# Video: Harperbury Tunnels, December 2016



## urbexdevil (Feb 14, 2017)

Ok, so I got myself a gopro session way back last year and this is actually the once and only time I have ever taken it on a splore. It's only taken me 2 months to remember my youtube password!

Anyone know much about gopros? I would say the quality of this for the price I paid is absolute poop, in fact my £30 dash cam for the car is much better quality.

We all know the tunnels and the location, no explination needed. Just ordered myself some mounts for the gopro while I debate bothering to record my splores. I am better at the picture side haha!


----------



## prettyvacant71 (Feb 16, 2017)

the music really added to the tension

2 months to remember your password...thats bloody good! Ive fotgotten how many email ac im locked out of and recovery txt sent to phones ive lost, i feel ur pain!

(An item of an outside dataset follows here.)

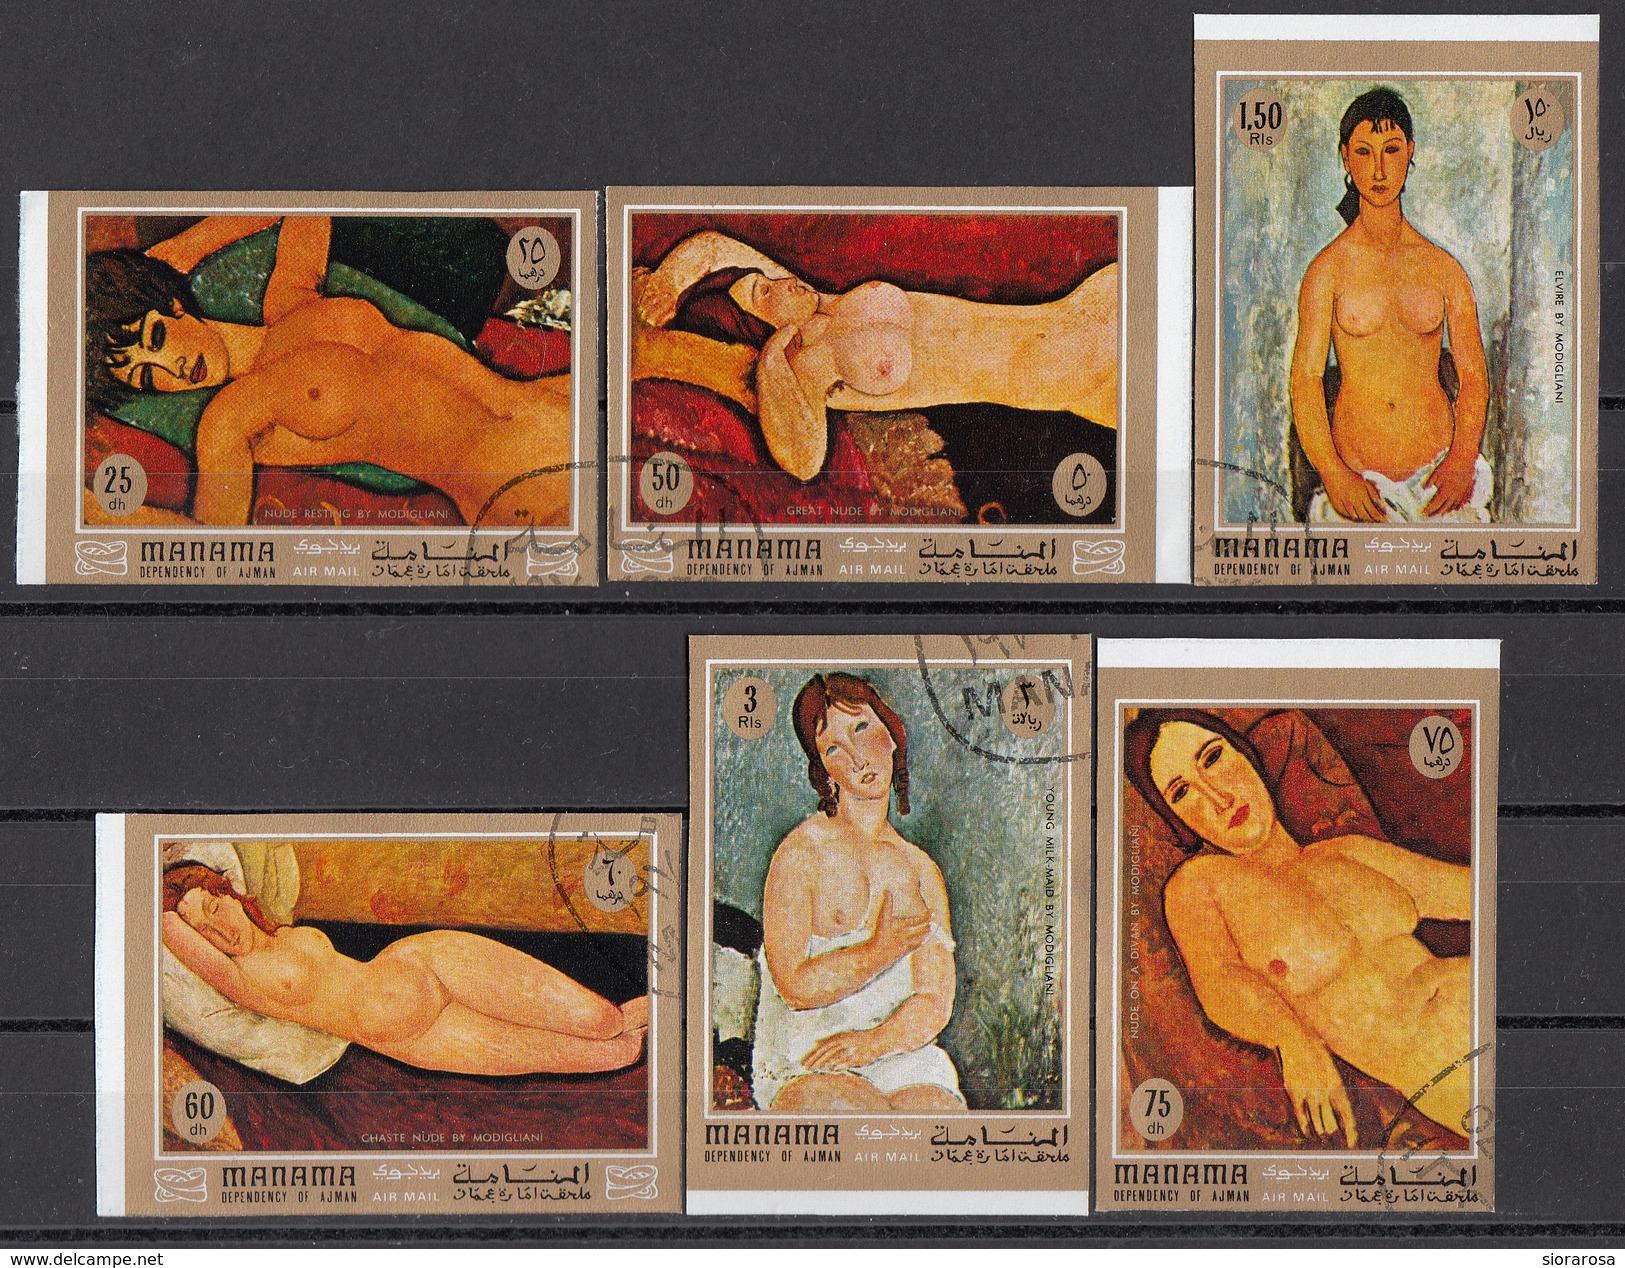 425 Manama 1971 Quadri Dipinti Da A. Modigliani Full Set Non Dentellato Paintings Tableaux - Nudes

Enjoyed the vid thanks...id need atleast 4 torches with me doin that and 7 packs of batteries


----------



## urbexdevil (Feb 16, 2017)

prettyvacant71 said:


> the music really added to the tension
> 
> 2 months to remember your password...thats bloody good! Ive fotgotten how many email ac im locked out of and recovery txt sent to phones ive lost, i feel ur pain!
> 
> Enjoyed the vid thanks...id need atleast 4 torches with me doin that and 7 packs of batteries



That was the idea, it was rather tense down there haha! Majority of that video was actually looking the the way out again haha.

Yeah I created a new email account for my urbex stuff but forgot the email I created as well as the password so couldn't recover it! Literally had a lucky guess moment and I was in 

There was actually 4 of us down there but me leading in the video, myself with 1 torch, one behind with a LED panel and the last two using their phones. Far from well prepared I will admit.


----------